Нова. Да, и Гоморра - Сэмюэл Дилэни
Шрифт:
Интервал:
Закладка:
Ястребу только-только стукнуло шестнадцать, а через четыре дня ему предстояло сделаться Певцом (о чем его уже предупредили). Мы до утренней зари просидели на берегу озера, и Ястреб маялся, не зная, соглашаться или нет; мальчишку страшило такое огромное бремя ответственности. Сейчас, два года спустя, он все еще младше на полдюжины лет самого юного из Певцов, живущих на шести планетах. И что ни говори, Певцу не так нужен стихотворческий талант, как актерский. Но в списке его коллег тогда числились портовый грузчик, двое университетских профессоров, наследница миллионов «Силиклея» («Все, что хочешь, клей смелей, сверхнадежен „Силиклей“») и как минимум две личности с весьма сомнительным прошлым, которое даже вечно голодная до сенсаций пиар-машина согласилась не освещать.

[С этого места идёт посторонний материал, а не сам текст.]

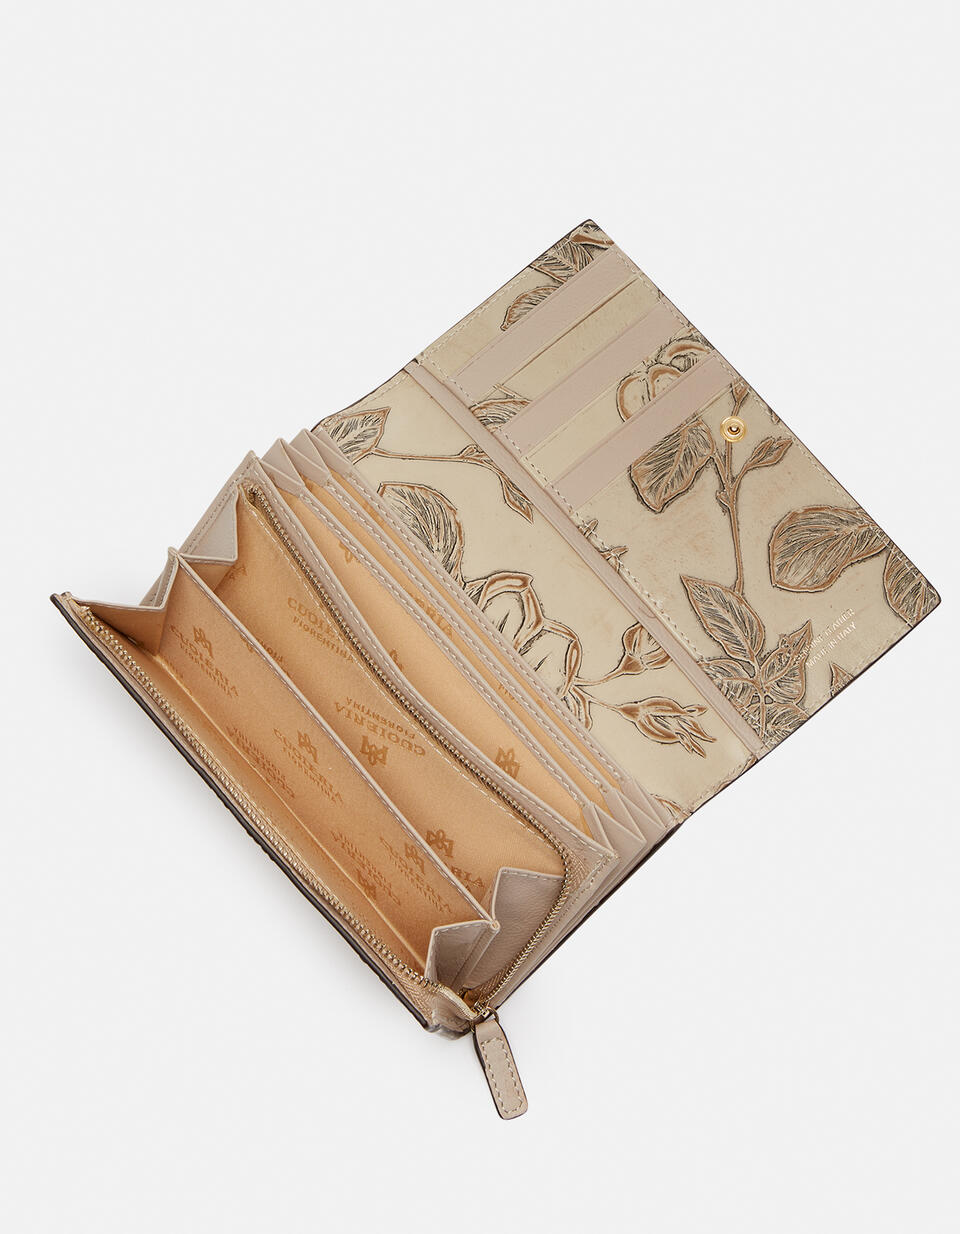 Accordian style wallet TAUPE  - Women's Wallets - Women's Wallets - Wallets - Cuoieria Fiorentina

Каким бы ни было происхождение этих «живых легенд», таких разных, таких ярких, все они пели. Пели о любви, смерти, смене времен года, общественных классах, правительствах и дворцовой страже. Пели перед большими толпами и в тесной компании, пели для одинокого грузчика, устало бредущего из порта домой, пели на улочках трущоб, в лимузинах членов аристократических клубов, в клубных вагонах пригородных поездов, в элегантных садах на крышах Двенадцати Башен; пели у Алексиса Спиннела на суаре для сливок общества. Но воспроизведение их песен с помощью технических средств (в том числе публикация текстов) запрещено законом, а я уважаю закон, насколько это позволяет моя профессия, и потому вместо текста песни Льюиса и Энн предлагаю вам вышеизложенное.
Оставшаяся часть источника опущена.